● **ACTIVITY**
Transcribe the listing below in its entirety, exactly.

= = = = = = =

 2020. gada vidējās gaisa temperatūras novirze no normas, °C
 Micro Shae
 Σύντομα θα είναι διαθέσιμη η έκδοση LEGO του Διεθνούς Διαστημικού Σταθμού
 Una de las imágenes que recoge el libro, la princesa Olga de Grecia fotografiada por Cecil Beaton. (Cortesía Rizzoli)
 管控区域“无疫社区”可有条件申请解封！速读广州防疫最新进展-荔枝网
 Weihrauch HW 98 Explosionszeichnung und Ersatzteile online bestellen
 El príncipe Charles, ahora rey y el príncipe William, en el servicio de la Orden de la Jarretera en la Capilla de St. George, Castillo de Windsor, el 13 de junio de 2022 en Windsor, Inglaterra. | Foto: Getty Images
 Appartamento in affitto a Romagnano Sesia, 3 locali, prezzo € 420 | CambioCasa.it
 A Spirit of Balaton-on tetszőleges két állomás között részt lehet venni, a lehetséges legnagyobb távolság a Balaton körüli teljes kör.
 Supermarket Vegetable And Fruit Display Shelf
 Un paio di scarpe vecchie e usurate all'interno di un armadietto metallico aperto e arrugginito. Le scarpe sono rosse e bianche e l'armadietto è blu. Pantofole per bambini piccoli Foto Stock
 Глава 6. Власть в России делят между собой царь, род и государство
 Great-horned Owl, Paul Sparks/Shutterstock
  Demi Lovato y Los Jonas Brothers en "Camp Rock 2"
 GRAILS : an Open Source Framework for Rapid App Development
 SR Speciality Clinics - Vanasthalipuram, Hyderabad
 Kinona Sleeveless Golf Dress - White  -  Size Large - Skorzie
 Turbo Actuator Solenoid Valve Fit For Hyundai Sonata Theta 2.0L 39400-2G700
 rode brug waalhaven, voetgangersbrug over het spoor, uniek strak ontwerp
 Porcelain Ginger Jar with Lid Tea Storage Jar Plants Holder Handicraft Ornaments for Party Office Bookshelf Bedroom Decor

= = = = = = =

● **SOLVED EXERCISE**
 2020. gada vidējās gaisa temperatūras novirze no normas, °C
 Micro Shae
 Σύντομα θα είναι διαθέσιμη η έκδοση LEGO του Διεθνούς Διαστημικού Σταθμού
 Una de las imágenes que recoge el libro, la princesa Olga de Grecia fotografiada por Cecil Beaton. (Cortesía Rizzoli)
 管控区域“无疫社区”可有条件申请解封！速读广州防疫最新进展-荔枝网
 Weihrauch HW 98 Explosionszeichnung und Ersatzteile online bestellen
 El príncipe Charles, ahora rey y el príncipe William, en el servicio de la Orden de la Jarretera en la Capilla de St. George, Castillo de Windsor, el 13 de junio de 2022 en Windsor, Inglaterra. | Foto: Getty Images
 Appartamento in affitto a Romagnano Sesia, 3 locali, prezzo € 420 | CambioCasa.it
 A Spirit of Balaton-on tetszőleges két állomás között részt lehet venni, a lehetséges legnagyobb távolság a Balaton körüli teljes kör.
 Supermarket Vegetable And Fruit Display Shelf
 Un paio di scarpe vecchie e usurate all'interno di un armadietto metallico aperto e arrugginito. Le scarpe sono rosse e bianche e l'armadietto è blu. Pantofole per bambini piccoli Foto Stock
 Глава 6. Власть в России делят между собой царь, род и государство
 Great-horned Owl, Paul Sparks/Shutterstock
  Demi Lovato y Los Jonas Brothers en "Camp Rock 2"
 GRAILS : an Open Source Framework for Rapid App Development
 SR Speciality Clinics - Vanasthalipuram, Hyderabad
 Kinona Sleeveless Golf Dress - White  -  Size Large - Skorzie
 Turbo Actuator Solenoid Valve Fit For Hyundai Sonata Theta 2.0L 39400-2G700
 rode brug waalhaven, voetgangersbrug over het spoor, uniek strak ontwerp
 Porcelain Ginger Jar with Lid Tea Storage Jar Plants Holder Handicraft Ornaments for Party Office Bookshelf Bedroom Decor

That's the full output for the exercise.